ZFS checksum errors

manomamdouh83 · July 3, 2025, 4:46pm

Hello,
I built my TN Scale (V 25.04.0) using 3 brand new WD Red Pros with a RaidZ1. The mainpool has the 3 drives and while the storage shows “no errors” under the VDEV, but the pool shows as “unhealthy” and each of the drives keeps accumulating more checksum errors by time - buy they match so the 3 drives jump from 10 to 15 then from 15 to 30 errors etc.

I ran a scrub and do LONG and SHORT SMART drive tests… I am lost if these errors are hardware or in my data.

I also replaced the SAS/SATA cables and the SAS controller.

Any help would be appreciated

SmallBarky · July 3, 2025, 5:14pm

A detailed hardware list would help

Thanks to Protopia for the following.
‘I have a standard set of commands I ask people to run to provide a detailed breakdown of the hardware, so please run these and post the output here (with the output of each command inside a separate (</> or Ctrl+e) preformatted text box) so that we can all see the details:’

lsblk -bo NAME,MODEL,ROTA,PTTYPE,TYPE,START,SIZE,PARTTYPENAME,PARTUUID
sudo zpool status -v
sudo zpool import
lspci
sudo storcli show all
sudo sas2flash -list
sudo sas3flash -list

Protopia · July 3, 2025, 5:19pm

Checksum errors can be due to disk hardware, but more often they relate to disk controller errors or overheating, power or SATA cable connections, PSU issues or memory issues, and reseating memory sticks, PCIe cards and power/SATA cables can often stop them for continuing to occur.
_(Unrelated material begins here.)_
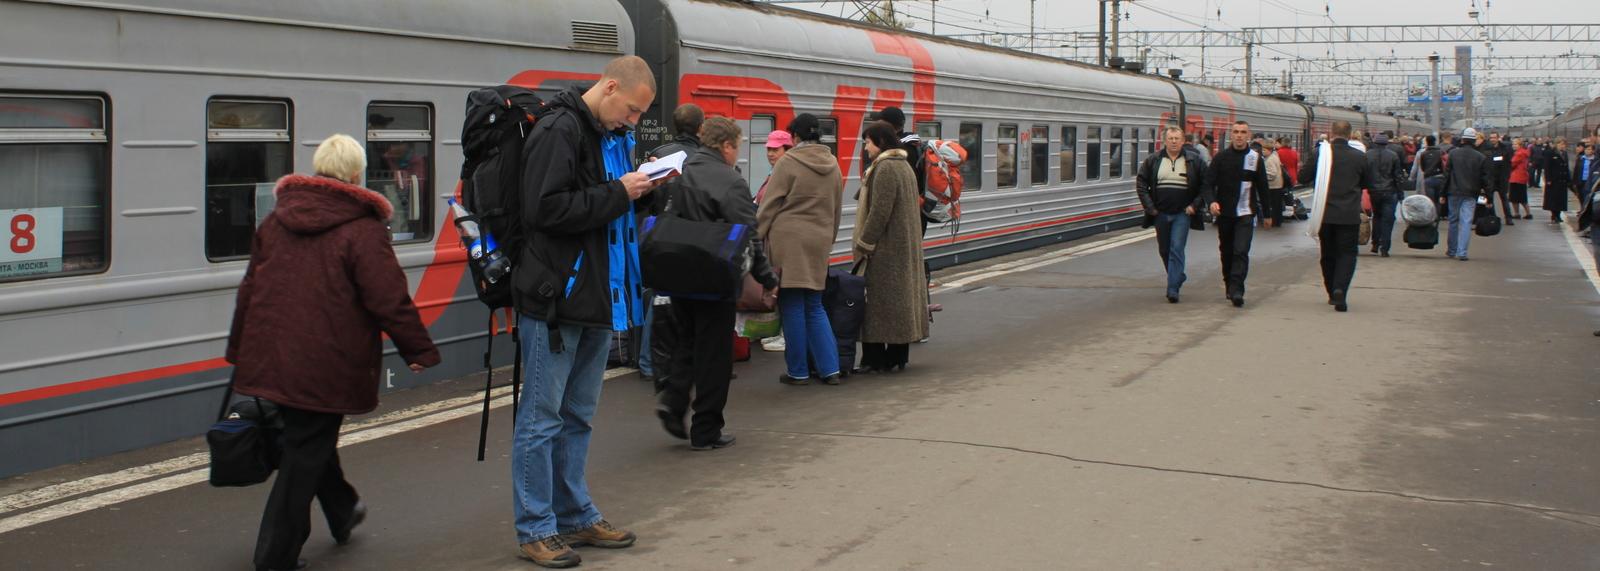 Where to go? @Yaroslavskaya Station, Moscow

After reseating the memory run a memory test for a few hours.

Then do a sudo zpool clear poolname for the pool experiencing errors to reset the error counters and see what happens.

Actually my standard list has evolved and is now:

lsblk -bo NAME,LABEL,MAJ:MIN,TRAN,ROTA,ZONED,VENDOR,MODEL,SERIAL,PARTUUID,START,SIZE,PARTTYPENAME
sudo ZPOOL_SCRIPTS_AS_ROOT=1 zpool status -vLtsc lsblk,serial,smartx,smart
sudo zpool import
lspci
sudo sas2flash -list
sudo sas3flash -list
sudo storcli show all
for disk in /dev/sd*; do; sudo zdb -l $disk; done
for disk in /dev/sd?; do; sudo hdparm -W $disk; done
for disk in /dev/sd?; do; sudo smartctl -x $disk; done

though I normally remove any of these I don’t think will be helpful.

NugentS · July 3, 2025, 5:23pm

Given its happening to all three disks - you need to look at what common for the 3 disks.

PSU, Cabling and or HBA/SATA expansion board are likley causes

manomamdouh83 · July 18, 2025, 10:41am

Thank you. In copying the codes above, one returned a file that was actually corrupted, and once removed and ran another scrub everything seems healthy again. I appreciate the quick response.

However, why isn’t there (or maybe there is?) a way to see that file or the same details from a GUI? It feels like this is an error (not some sort of advanced functions) and there could be a way to dive more from the GUI.

Thanks again y’all.

Arwen · July 18, 2025, 10:52pm

In a way, the TrueNAS GUI is lacking some functionality. I don’t even know if the GUI has the function you are looking for in the request above.

On the other hand, TrueNAS, (and FreeNAS before it), were always intended to have Unix Shell access for more detailed trouble shooting.

Some NASes are all about the GUI, and yet don’t cover everything. When odd failure modes occur and are not fixable or troubleshootable from the GUI, those users may be out of luck. Time to restore from backups.

Not saying one philosophy is better than another, just different.

One reason I chose TrueNAS is that Unix Shell is both readily available, and down right useful at times. My prior NAS, an Infrant ReadyNAS 1000S, also had Unix Shell access. I simply could not live with either a NAS having a heavy focus on MS-Windows, (which I don't use at home). Or limited trouble shooting from any NAS GUI.